The project operates in two phases: Phase 1 (through June 2026) focuses on recording 500,000 words from highest-priority contexts, whilst Phase 2 completes the remaining 1.5 million words. Beyond the corpus itself, we'll create a 5,000 to 8,000 headword Edo-English dictionary and make all materials freely accessible through digital archives and community distribution, providing the foundation for future language technologies and educational resources.

Challenge :

Creating a robust endangered language corpus requires navigating significant logistical, financial, and temporal challenges. We're racing against time to record elderly speakers (70+) in rural areas before this irreplaceable linguistic knowledge disappears. Operating on a self-funded model with modest community donations, we require £250,000 (£0.125 per word) to cover recording equipment, volunteer coordination, speaker honoraria, transcription, translation, and digital archiving. The work demands coordinating 6 to 10 volunteers across rural communities, often in areas with limited infrastructure, whilst maintaining rigorous quality standards: 90% Edo content minimum, complete metadata, and clear audio.

Technical challenges include managing dialectal variations, time-aligning 500 hours of audio with transcripts, and preparing data in formats suitable for computational linguistics. We must also navigate cultural protocols, ensure ethical consent procedures, and build trust within communities.

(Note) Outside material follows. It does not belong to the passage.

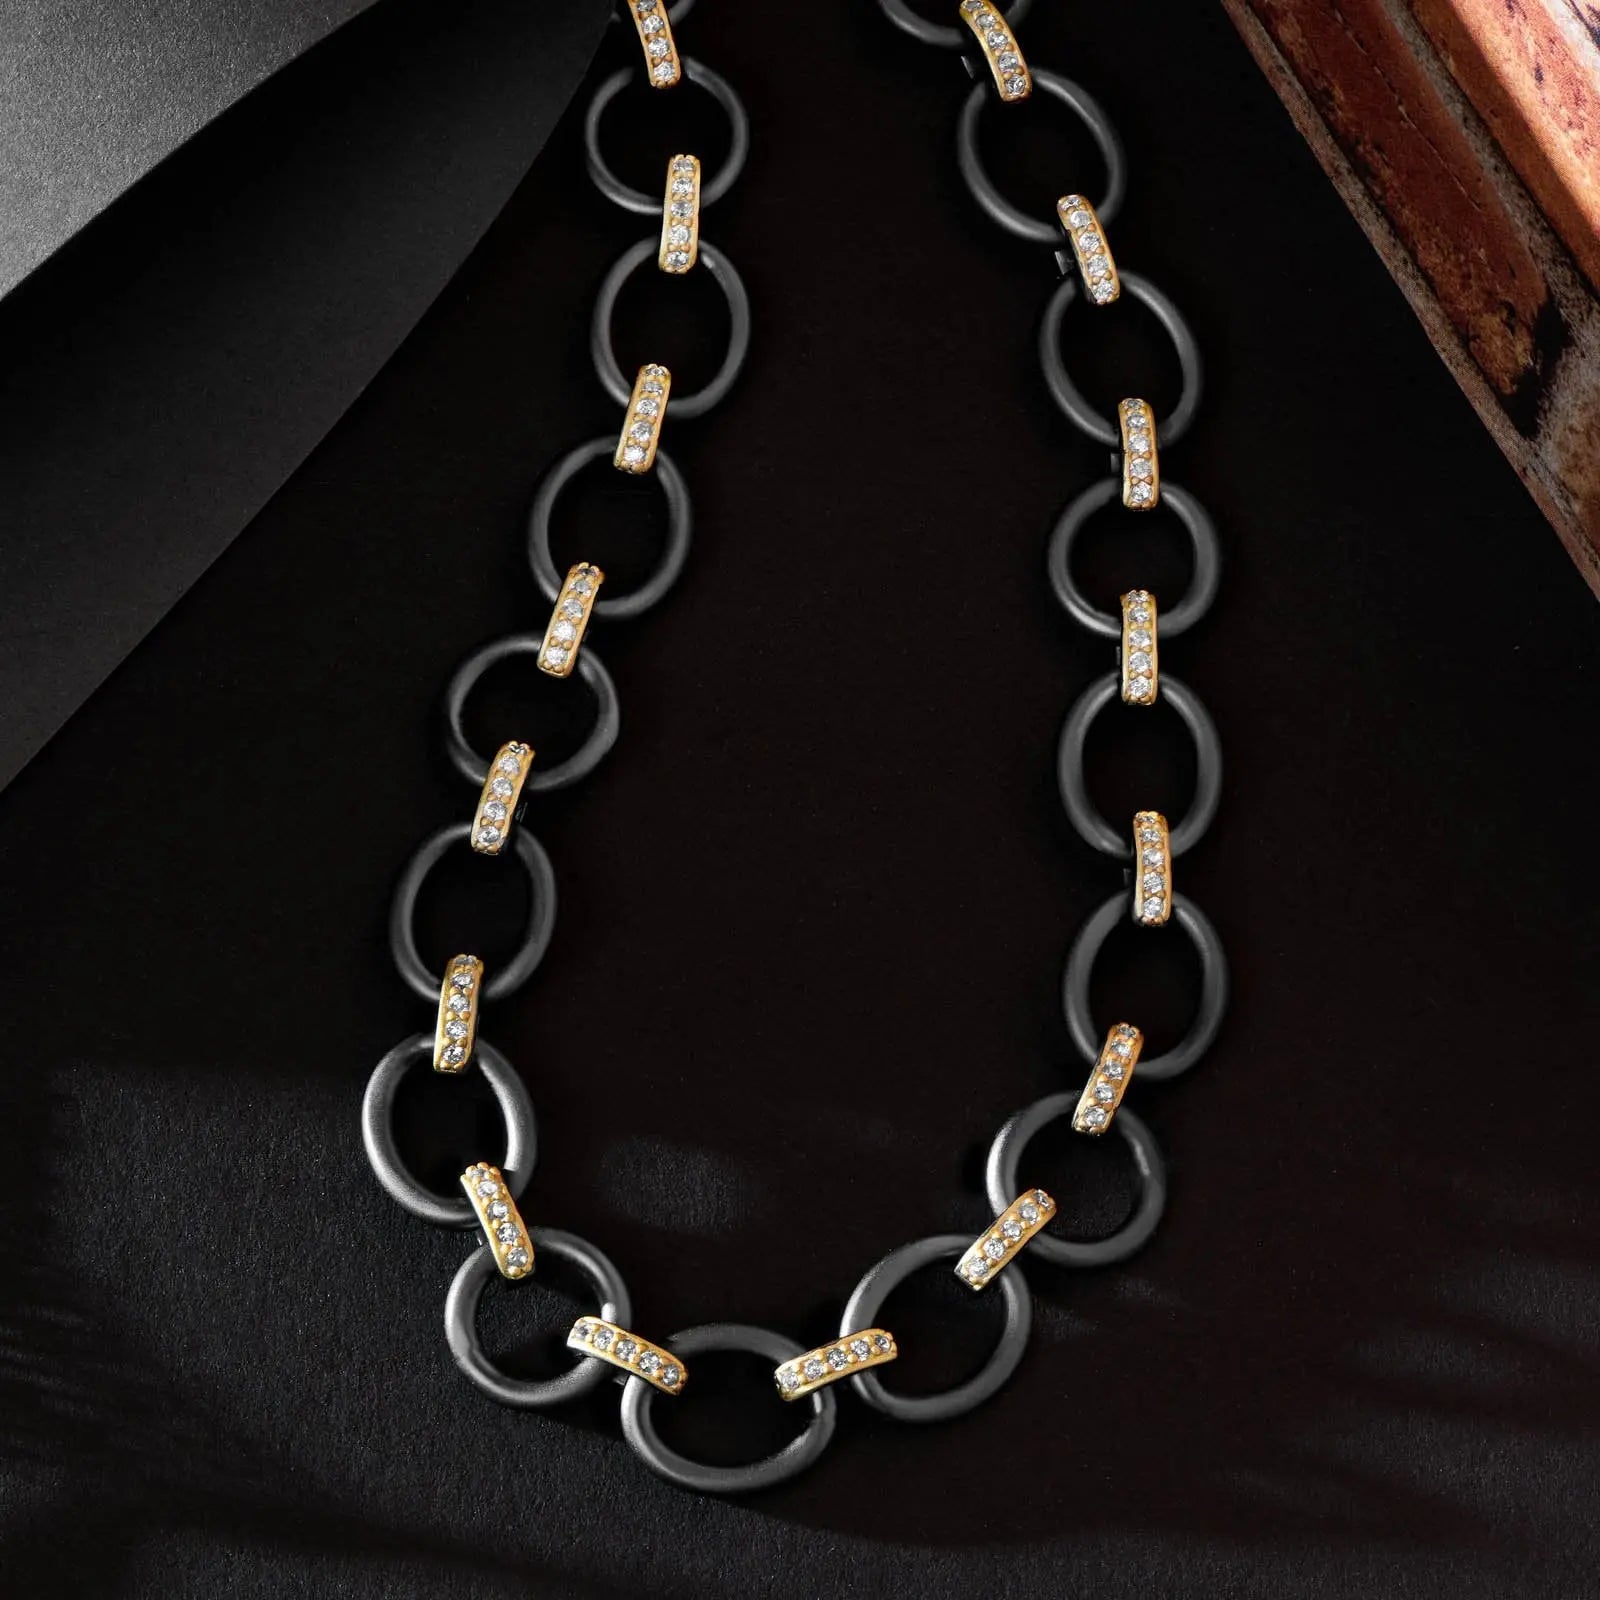 Chunky chain link necklace - RzJewelryDesign
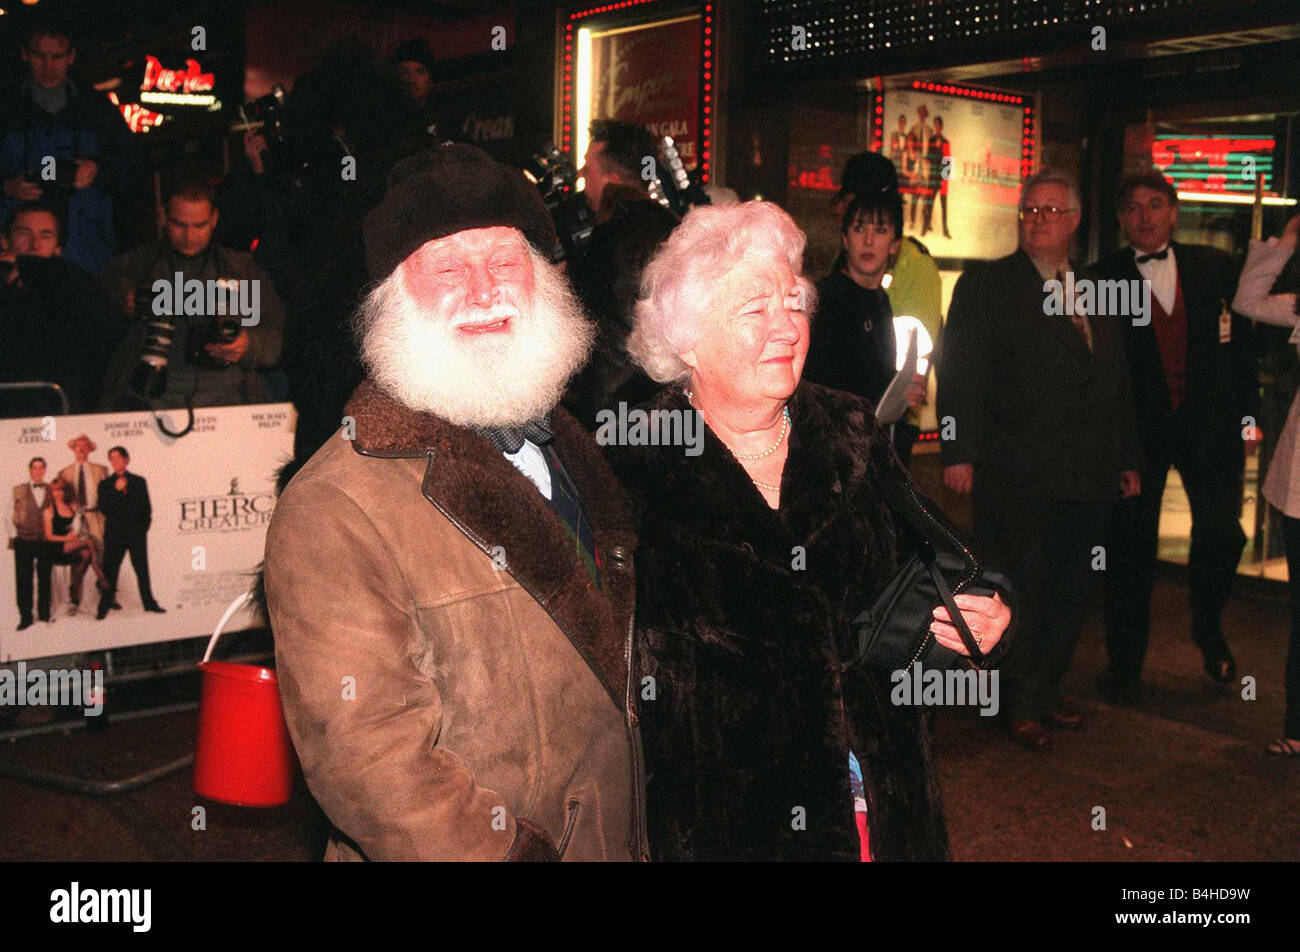 buster-merryfield-actor-with-wife-attend-the-film-premiere-of-fierce-B4HD9W.jpg

Despite beginning with nine folk songs and three dialogues from our documentary film project, scaling from these initial resources to 2 million words represents an enormous undertaking that depends entirely on community support and volunteer commitment.

Summary :

Our Edo Language Corpus Project is a community-driven race against time to preserve one of Nigeria's most culturally significant languages through comprehensive digital documentation. With a goal of 2 million transcribed words by December 2027, we're capturing authentic Edo discourse, from ceremonial orations to grandmother-grandchild conversations, before the generation of fluent speakers is lost. Self-funded with community donations and supported by dedicated volunteers, we prioritise recording the highest-quality linguistic data: elderly rural speakers, traditional knowledge holders, and cultural specialists whose language represents Edo at its richest and most endangered.

The resulting parallel corpus, complete with English translations and cultural context, will enable the development of dictionaries, translation technologies, and educational resources whilst serving as a permanent archive of Edo's irreplaceable linguistic and cultural heritage. This is more than language preservation: it's safeguarding centuries of wisdom, identity, and expression for future generations.

More Projects

Data / AI

Edo Corpus

A machine readable corpus of the Edo language, featuring conversations and folk songs with English translations, to combat language extinction.

Year :

2025

Industry :

Arts & Culture / Data

Client :

Ubini

Project Duration :

Ongoing

Edo corpus
Edo corpus
Edo corpus

Problem :

Edo, a language spoken by over 2 million people in southern Nigeria, faces accelerating extinction in the digital age. The pool of monolingual Edo speakers is shrinking rapidly, particularly among younger generations who favour English in urban and semi-urban settings. Without machine-readable language data, Edo remains invisible to modern technology: no translation tools, no voice recognition, no digital learning resources exist.

This digital exclusion accelerates language death by disconnecting younger speakers and diaspora communities from their linguistic heritage. More critically, we're losing the culturally rich discourse preserved by elderly rural speakers: ceremonial language, traditional knowledge systems, proverbs, and folktales that cannot be recovered once these speakers are gone.

The window for capturing authentic, "pure" Edo (free from extensive code-switching) is closing within this generation.

Solution :

I am leading efforts to build a comprehensive parallel multimedia corpus of the Edo language: 2 million transcribed words (approximately 250 hours of recorded speech) with English translations by December 2027. This corpus prioritises recording elderly rural speakers and traditional specialists in high-yield contexts: funeral orations, ceremonial events, elder conversations, and traditional storytelling sessions.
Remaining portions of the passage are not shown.